I'm finding that as new, unexpected symptoms show up I am becoming very afraid. Before I was worried about raising twins - now I am also scared about carrying them. So many people on this board have talked about the pain of the last few months and all the extra symptoms that go along with being pregnant with twins. I'm overwhelmed when I look at the pictures of twin-mom stomachs in the last trimester. I can't even fathom driving a car or sitting at a desk.

I guess I don't really have a question here - just letting out some of my nervousness. I'm hoping that if I just take this day by day, instead of looking 6 months into the future, that will help. I am truly excited and I know I will love these babies beyond anything in my wildest imagination - it's just kind of scary as well.


----------



## Bumblebee117

oh hun! You will be absolutely fine... I was scared and excited at the same time but it turned out to be much easier than I would have thought.

it is hard at times but we have no other choice than taking it on and do our best!

pregnancy is only temporary and so is the newborn stage! 

it helped me lots to come on here and chat to the other girls! :)

:hug: xx


----------



## san fran shan

I think everything you are feeling is totally normal! And I agree with taking it one day at a time and not looking too far ahead. That is when I get overwhelmed. This is my 1st pregnancy, but in one way, its nice because I don't know anything different! You will be fine! This is a great place to come to talk about things. Congrats on your twin pregnancy!!


----------



## Bon18

:hugs: I remember feeling exactly what you're feeling when I first found out I was having twins, it can be completely overwhelming... 
As everyone has said coming on here helps a lot, everyone is lovely and supportive and understands what you're going through.


----------



## ~Hope~

I'm glad it's not just me! I feel so blessed to be carrying twins but some days it scares the heck out of me. 

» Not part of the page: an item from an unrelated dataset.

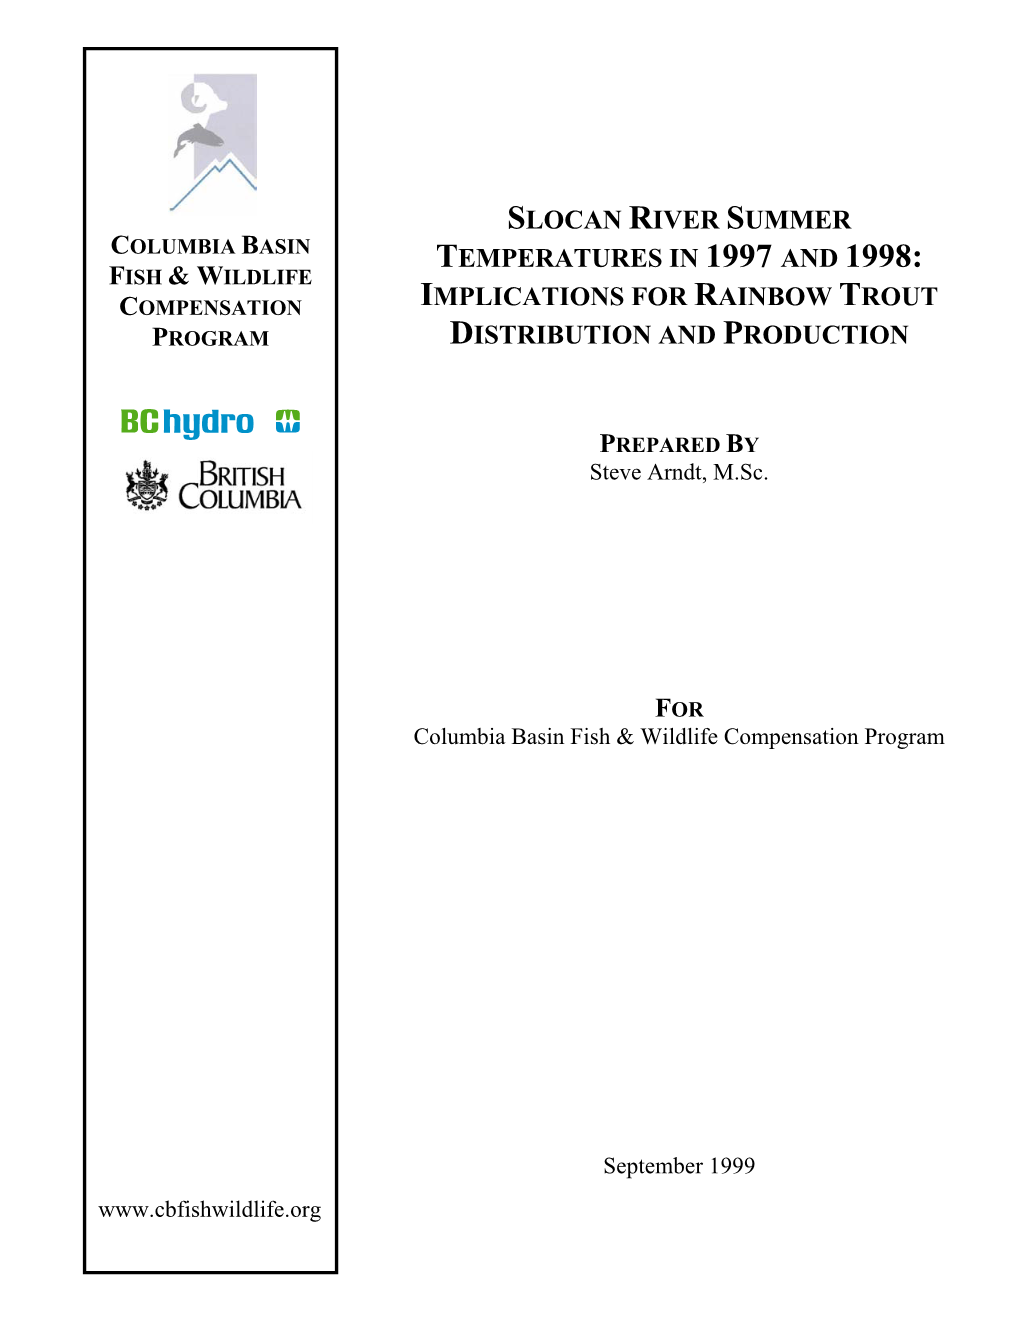 Slocan River Summer Temperatures in 1997 and 1998: Implications for Rainbow Trout Distribution and Production Fish & Wildlif

I was telling my brother about our consultant visit the other day and that she said we would have our twins by 38 weeks as they don't like you to go longer. My brother wanted to know why and went off to check google, then he came back and told me he thought he knew why and not to use google images to look for bumps at 38 weeks or I might scare myself silly :rofl:


----------



## Doublemints

When I was pregnant with my twins, I had a very normal pregnancy with no complications. When I became pregnant with our last daughter, I felt way worse then I had with the twins. I had terrible back pains. So if you ask me, my pregnancy with my twins was way easier then my pregnancy with my singleton baby.

You'll be just fine.


----------



## san fran shan

Yeah, I google imaged "38 weeks pregnant with twins". Holy cow!! Showed some to my husband and we were both scared, LOL.


----------



## xxxemsxxx

It's definately normal to feel that way, but you will be great.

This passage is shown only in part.